— EXERCISE DATA —
--

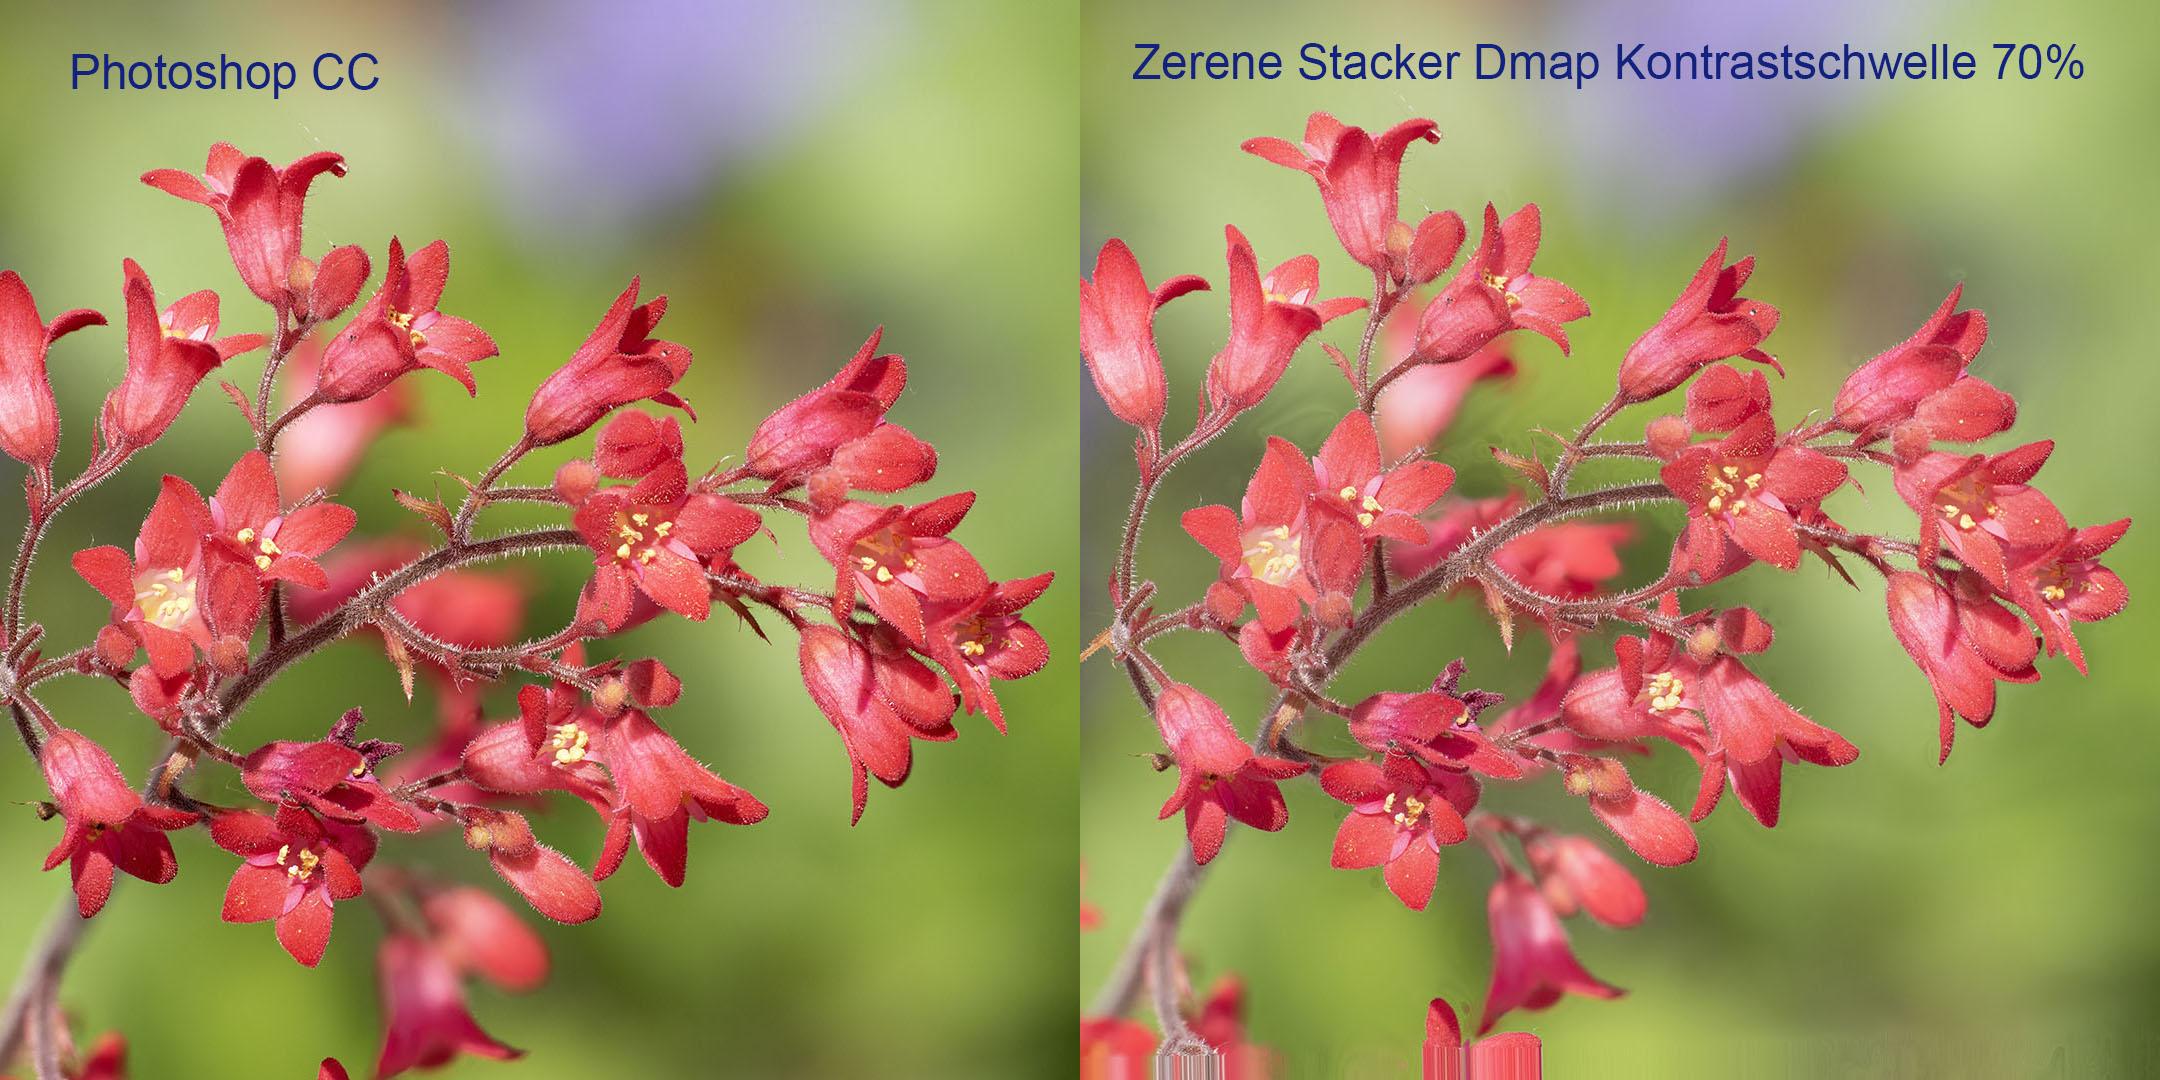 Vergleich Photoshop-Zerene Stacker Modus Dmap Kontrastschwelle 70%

--

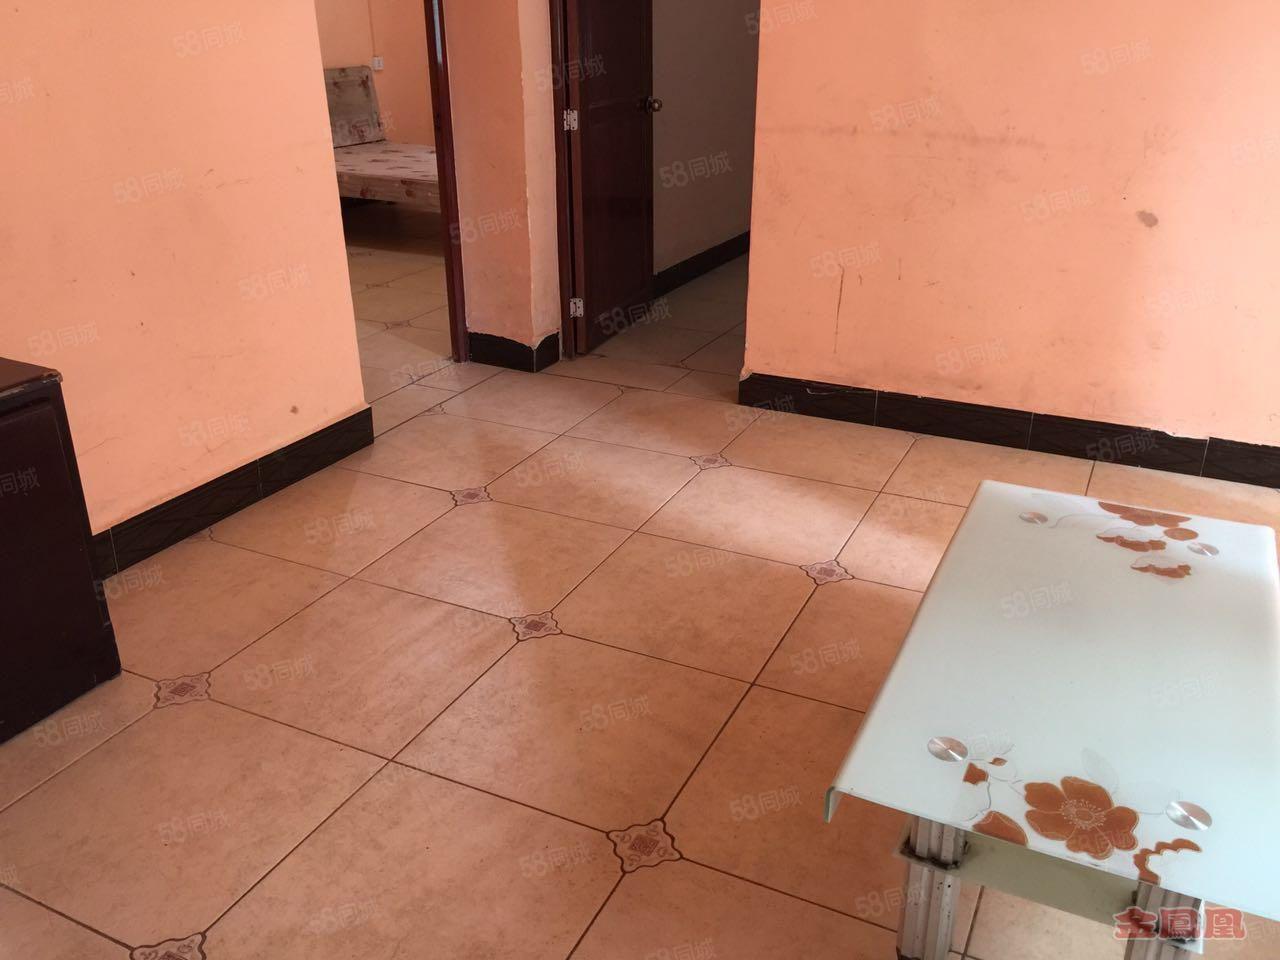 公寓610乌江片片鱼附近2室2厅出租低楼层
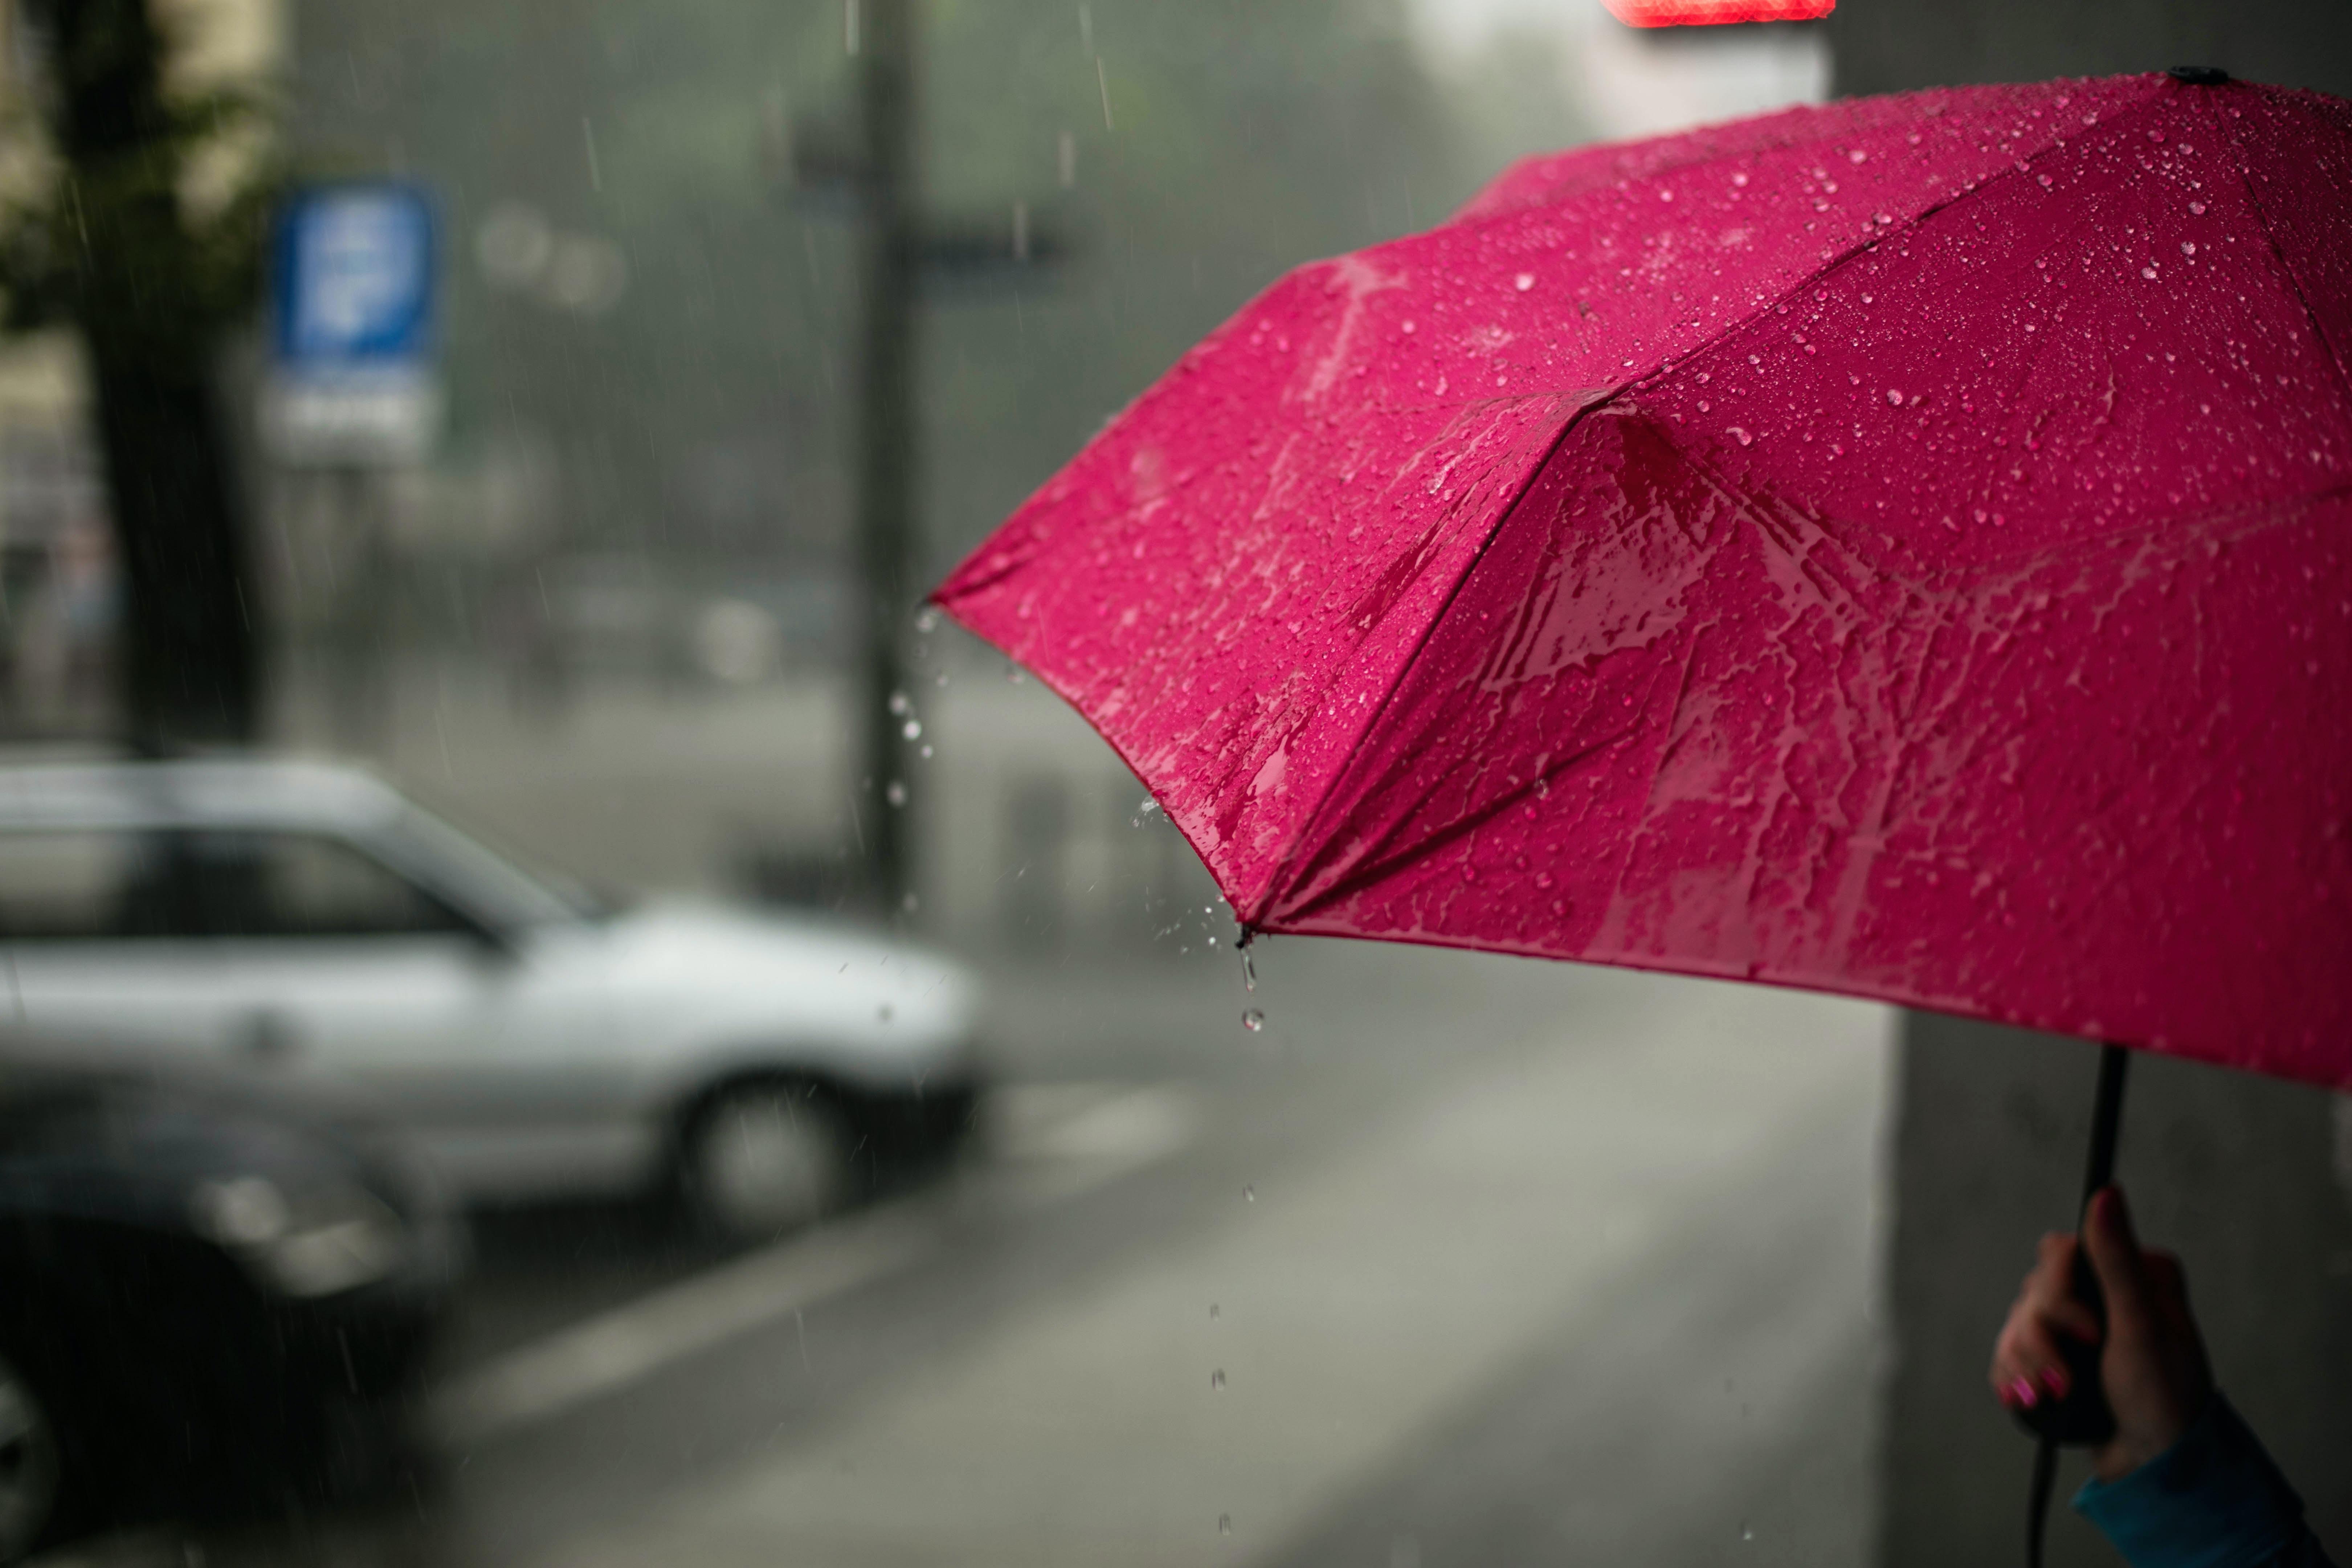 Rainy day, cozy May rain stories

--

— REQUIREMENT —
Those lines of the records above that run from the one containing "公寓610乌江片片鱼附近2室2厅出租低楼层" through the one containing "Rainy day, cozy May rain stories" should be returned exactly, with no pictures among them.

— EXERCISE SOLUTION —
 公寓610乌江片片鱼附近2室2厅出租低楼层
 Rainy day, cozy May rain stories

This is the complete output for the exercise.